[What the task asks]
Return the lines of the material below exactly, beginning with the line that has "Lipids in Plant and Algae Development" in it and finishing with the line that has "Keith Uthe - Mortgage" in it. Leave all pictures aside.

[Material for this task]

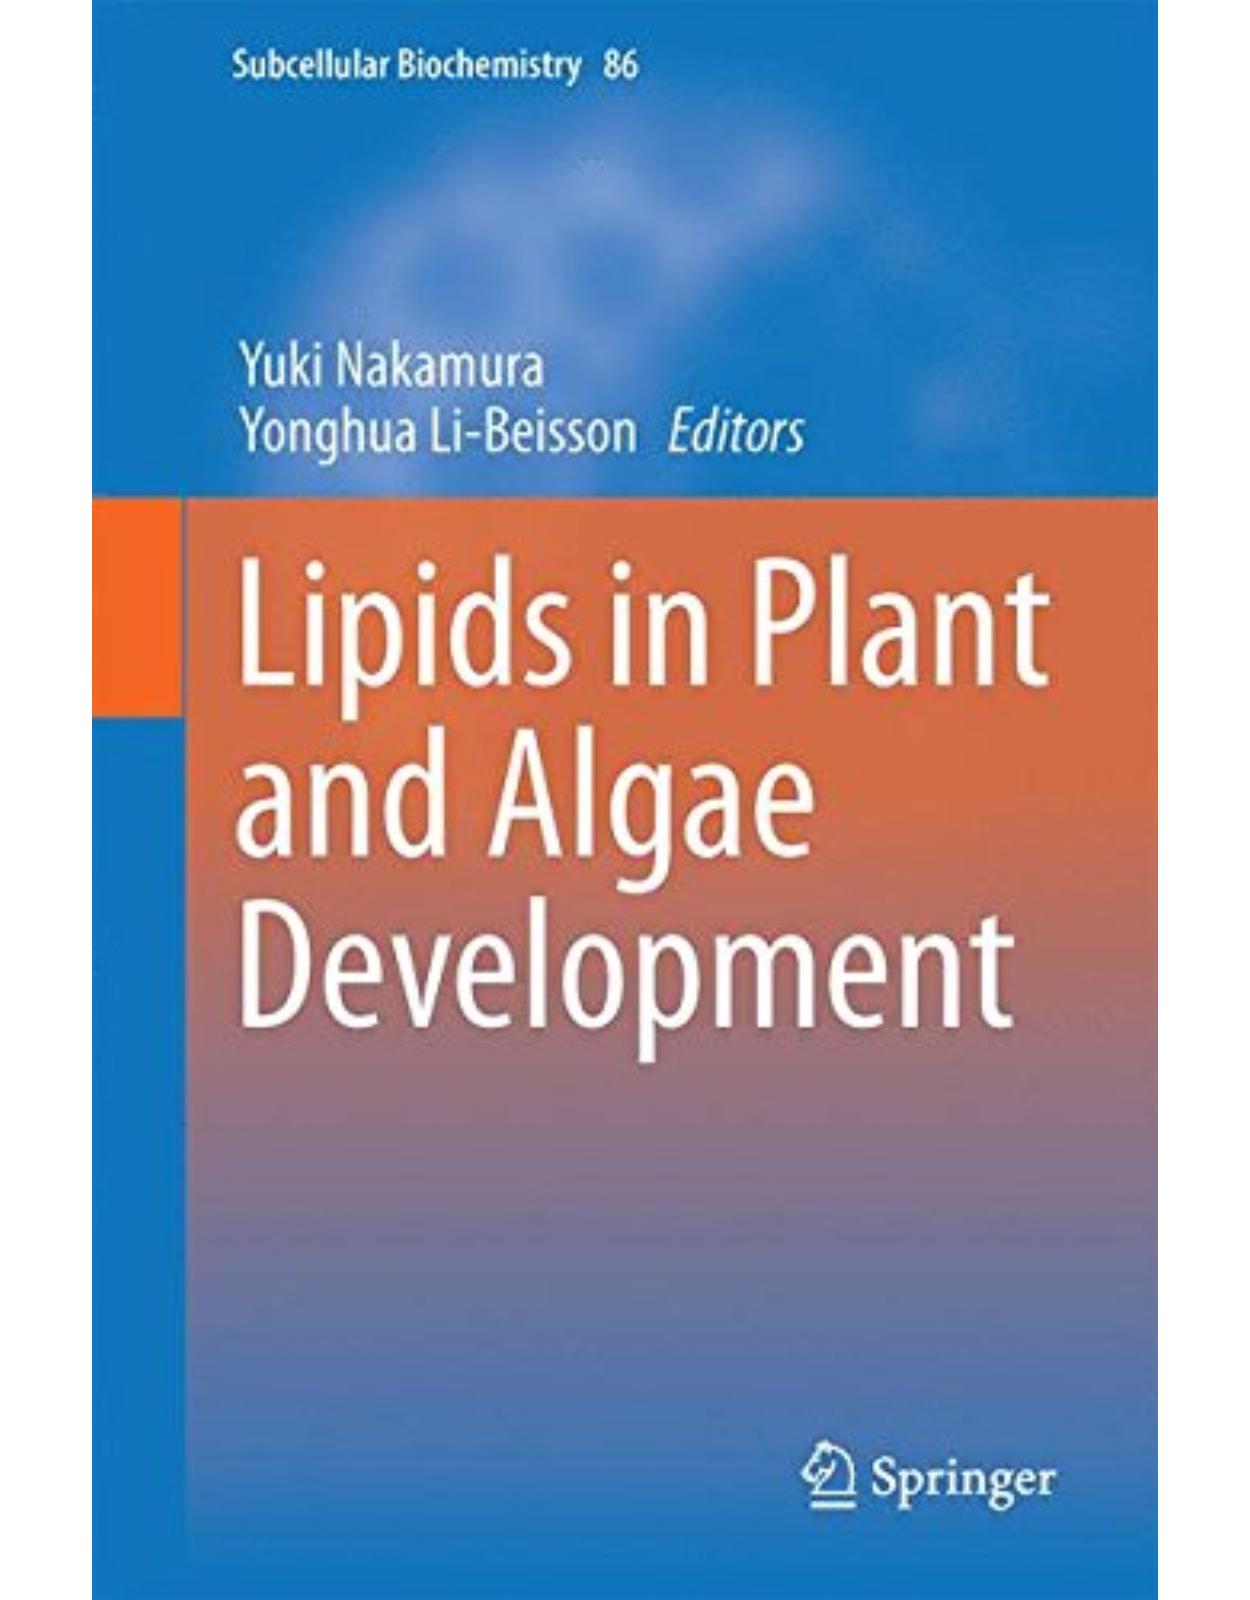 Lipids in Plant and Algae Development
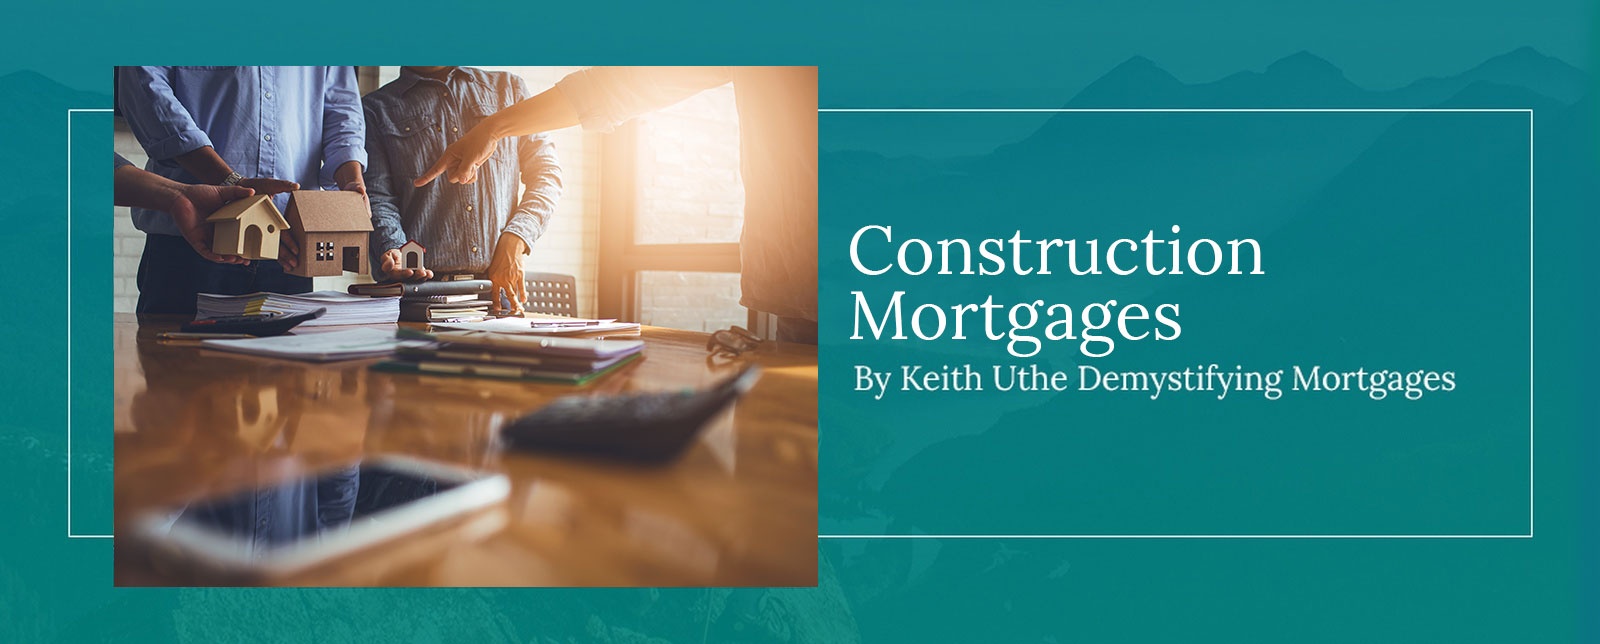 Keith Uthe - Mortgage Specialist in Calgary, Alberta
==
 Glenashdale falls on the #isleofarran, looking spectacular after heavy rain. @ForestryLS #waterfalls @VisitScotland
...
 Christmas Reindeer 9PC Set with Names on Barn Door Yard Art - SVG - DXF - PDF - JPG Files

[Solution to this exercise]
 Lipids in Plant and Algae Development
 Keith Uthe - Mortgage Specialist in Calgary, Alberta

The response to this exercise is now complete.